The first lesson today showed the disciples dropping everything when Jesus called them. They listened to the call, dropped their livelihoods, their families, their whole lives without even asking, “Um…about this gig. What are the benefits? You know insurance, salary, vacation, retirement package. Show us that and we will follow.” No, they dropped what they were doing and followed. They were not in the least like Jonah. They may have had their moments (like where they believed that they needed to be rid of those who were not in “their” camp), but Jesus says to them as well, “Listen up boys.”
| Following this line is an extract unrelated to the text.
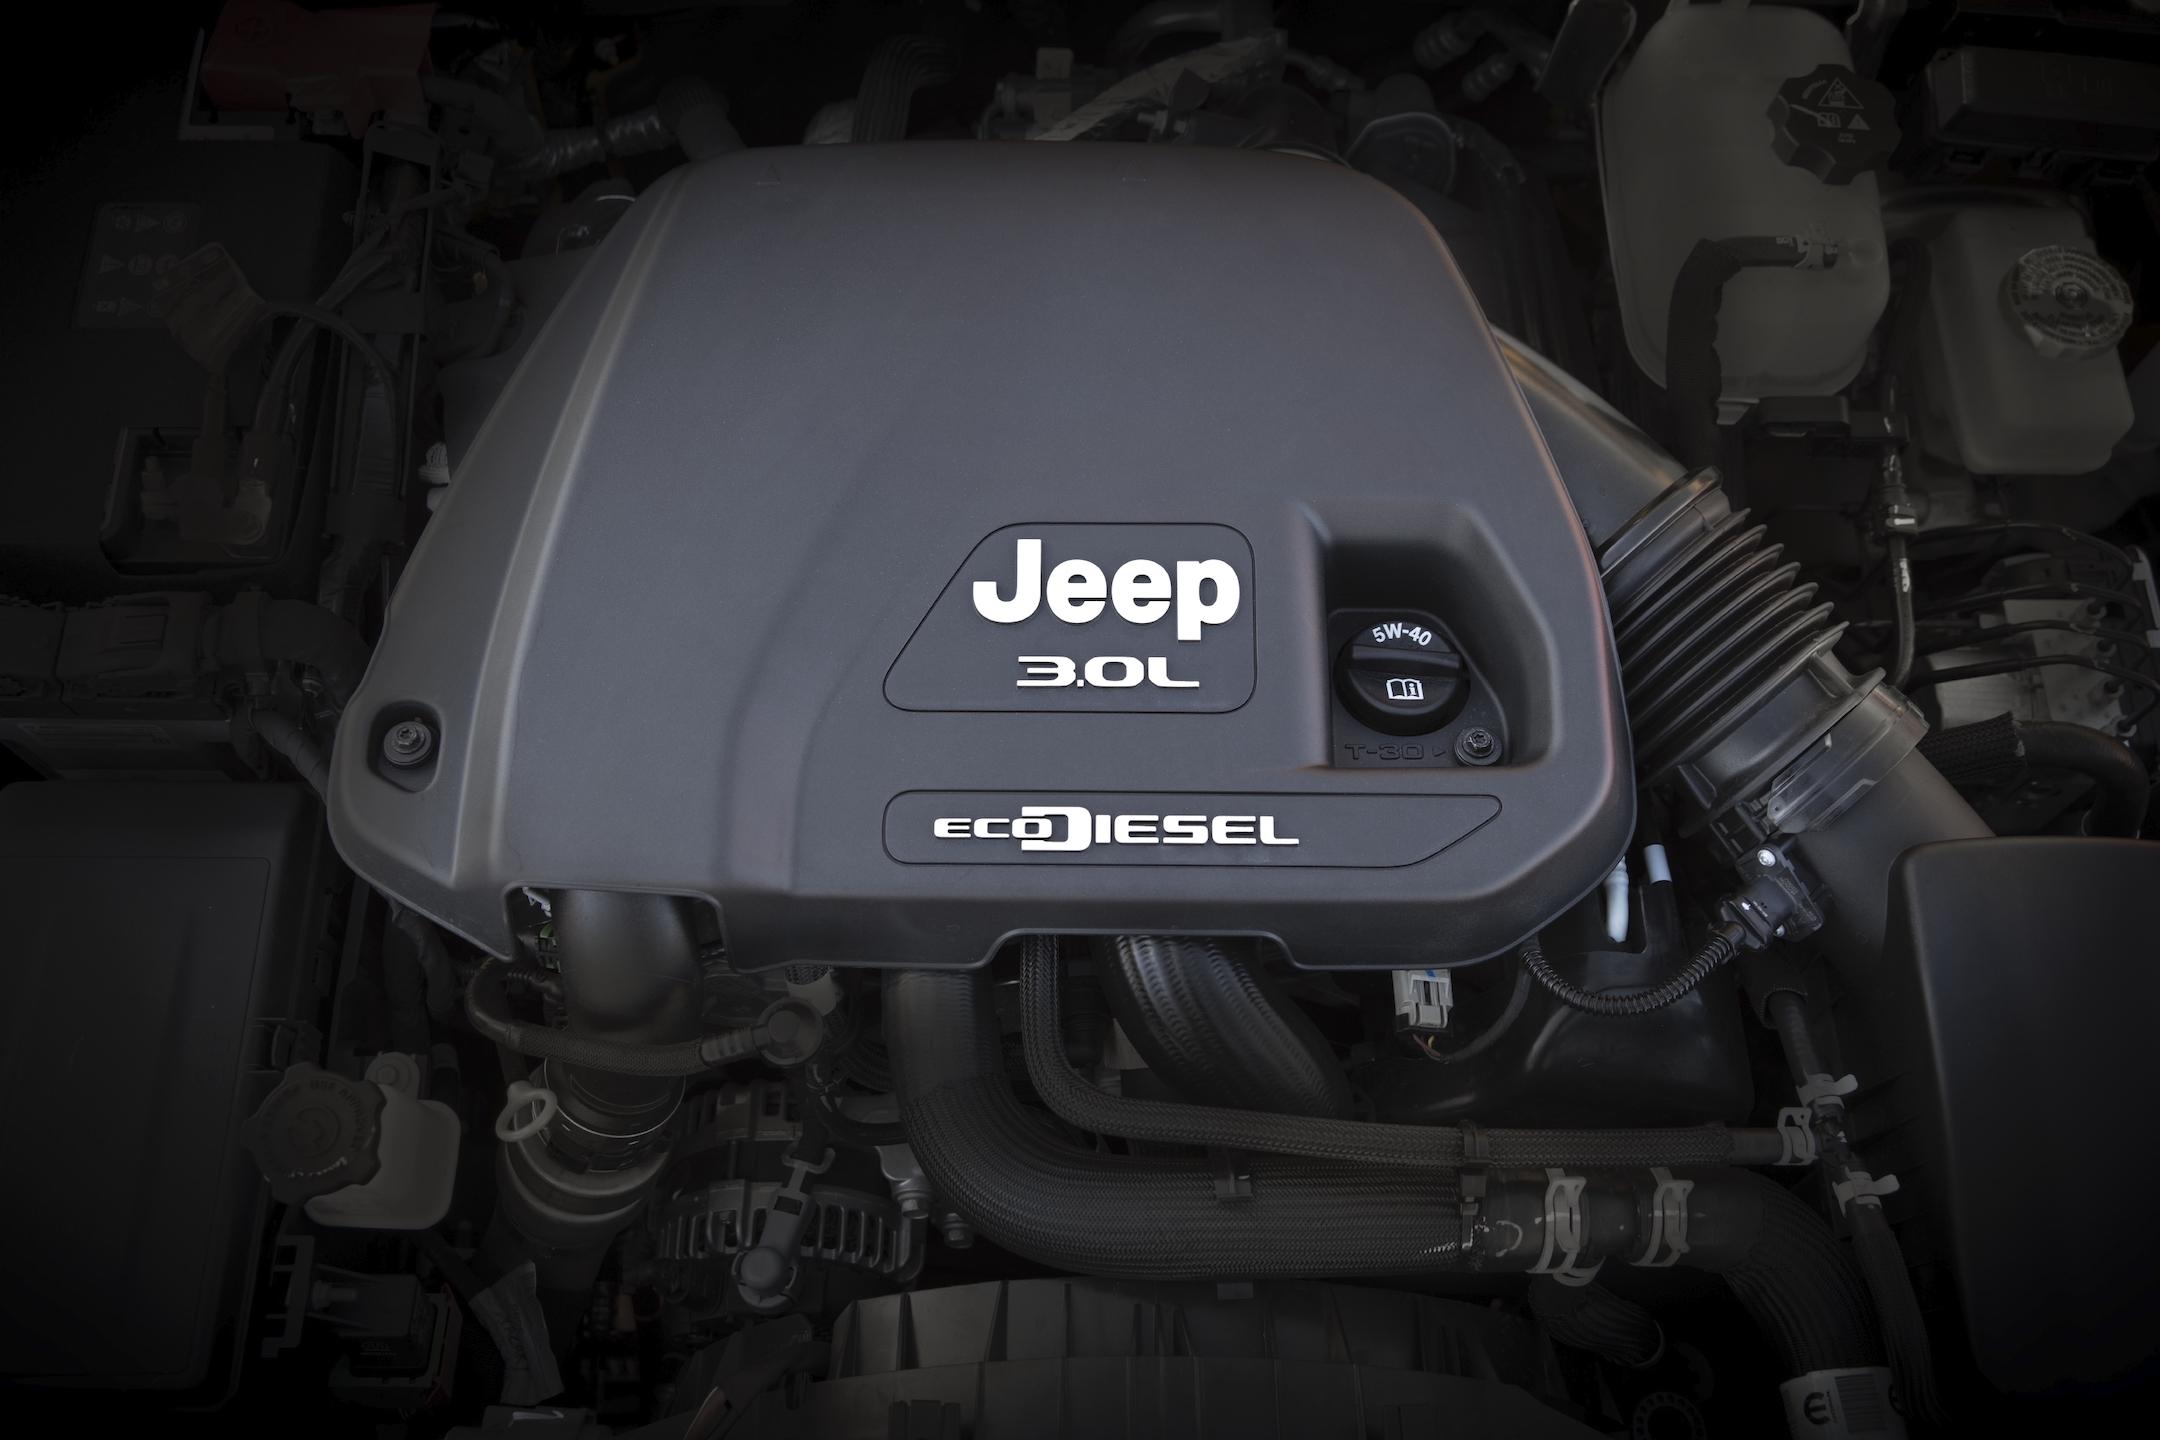 2020 Jeep® Wrangler 3.0-liter V-6 EcoDiesel engine

Do we feel the call of God in our lives? It does not have to be a call to ministry or to be on the session. It could be a call to help the homeless, to reach out to those who are different, to be a presence of God where there is none. If so, are we like Jonah and trying to run from the call? Or are we listening to what God calls us to do? Amen.
[1] The Holy Bible: New Revised Standard Version. Nashville: Thomas Nelson Publishers, 1989. Print.
[2] The Holy Bible: New Revised Standard Version. Nashville: Thomas Nelson Publishers, 1989. Print.
[3] Stuart, Douglas. Hosea–Jonah. Vol. 31. Dallas: Word, Incorporated, 1987. Print. Word Biblical Commentary.
[4] The Holy Bible: New Revised Standard Version. Nashville: Thomas Nelson Publishers, 1989. Print.
[5] The Holy Bible: New Revised Standard Version. Nashville: Thomas Nelson Publishers, 1989. Print.
[6] The Holy Bible: New Revised Standard Version. Nashville: Thomas Nelson Publishers, 1989. Print.
[7] The Holy Bible: New Revised Standard Version. Nashville: Thomas Nelson Publishers, 1989. Print.